Iterated integrals play an essential role in the evaluation of double integrals. They allow us to integrate a function over a two-dimensional region by breaking it down into simpler one-dimensional integrals. In the context of the exercise, we have a bivariate function that depends on two variables \( x \) and \( y \).
To set up an iterated integral, we need to choose the order of integration. The order can either be \( xy \) (integrate first with respect to \( y \), then \( x \)) or \( yx \) (integrate first with respect to \( x \), then \( y \)). Each order requires appropriate limits that describe the region of integration.
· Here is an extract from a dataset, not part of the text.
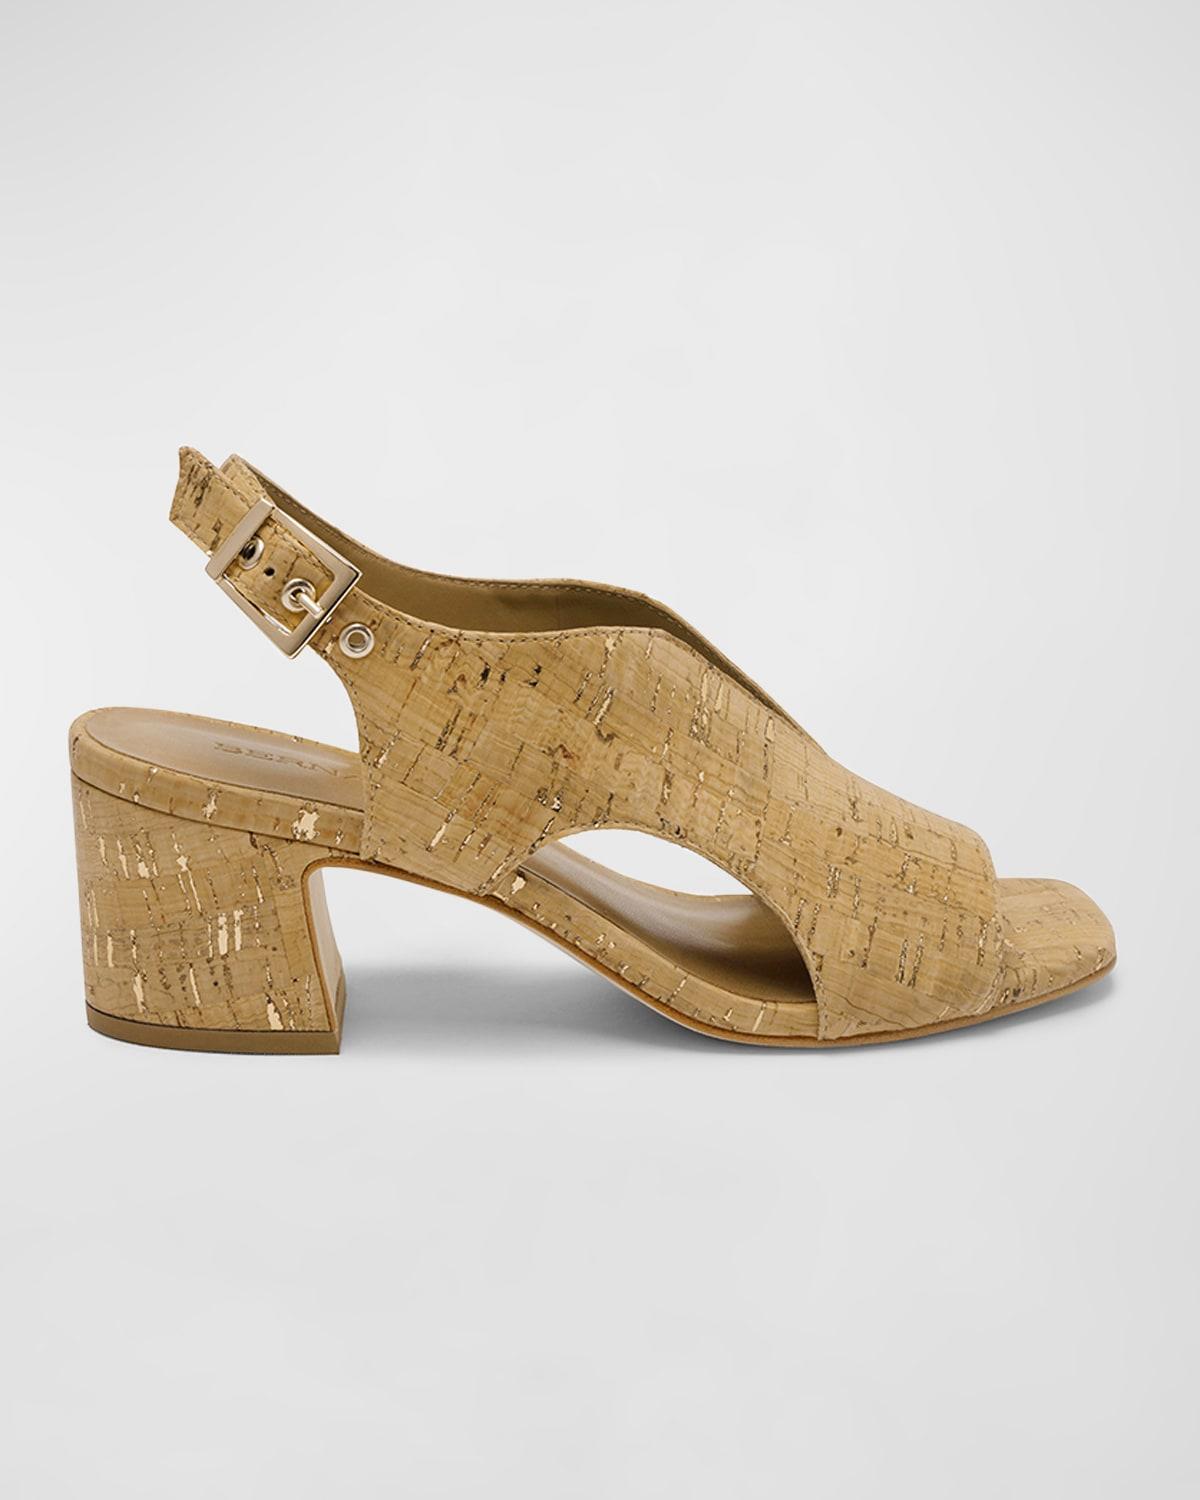 Bedford Mid Heel Sandals Product Image

In this particular case, the region is bounded by the curves \( y = \sqrt[3]{x} \) and \( y = x^3 \), with intersections at points (0,0) and (1,1).

• For \( xy \)-order: \( \int_{0}^{1} \int_{x^3}^{\sqrt[3]{x}} x^2 y \; dy \; dx \).
• For \( yx \)-order: \( \int_{0}^{1} \int_{y^3}^{y^{1/3}} x^2 y \; dx \; dy \).

Using iterated integrals efficiently calculates the area or volume related to the function over the specified region.

Volume Under a Surface

The concept of volume under a surface is extended from finding areas under curves in single-variable calculus to finding signed volumes in multivariable calculus using double integrals. In this exercise, we consider the bivariate function \( f(x, y) = x^2 y \). The double integral of this function over the region \( R \) gives the signed volume between the surface \( z = f(x, y) \) and the \( xy \)-plane.
When evaluating the volume under the surface, the sign of the integral indicates the net volume. A positive value indicates that the major part of the region lies above the \( xy \)-plane, while a negative value indicates it lies below.
In our solution, the integral evaluated to \( \frac{8}{99} \), indicating a positive volume, meaning the region above the \( xy \)-plane is dominant in this configuration.

Definite Integration

Definite integration extends the concept of summing over a specific interval to multivariable functions. It is pivotal in calculating both areas and volumes. In double integrals, definite integration applies twice, once for each variable of the function.
The steps in definite integration involve choosing appropriate limits, which, in cases of iterated integrals, need careful determination from the region's boundaries. As seen, depending on the path of integration, we either integrate first with respect to \( y \) and then \( x \), or vice versa. These limits result from the intersection points of the bounding curves and dictate the precise range where the integral evaluates.
In the exercise, the limits \( 0 \) to \( 1 \) for \( x \) and between \( x^3 \) and \( \sqrt[3]{x} \) for \( y \), or equivalently \( y^3 \) to \( y^{1/3} \) for \( x \) with \( y \) from \( 0 \) to \( 1 \), were chosen for definite integration.

Bivariate Functions

Bivariate functions are functions of two independent variables, typically \( x \) and \( y \). These are essential when we want to describe surfaces in three-dimensional space. In the context of the original exercise, the function \( f(x, y) = x^2 y \) is a bivariate function.
Understanding these functions allows us to study complex surfaces and make sense of their shape and behavior over specific regions. In practical applications, bivariate functions can be used to model physical phenomena, optimize designs, or predict outcomes in engineering and science.

• Bivariate functions play a crucial role in evaluating double integrals, as they define the surface beneath which we calculate volumes or areas.
• These functions generalize the concept of one-dimensional integration into two dimensions, providing vast insight into spatial constructs.

Overall, grasping bivariate functions enables us to solve numerous practical problems using mathematical modeling.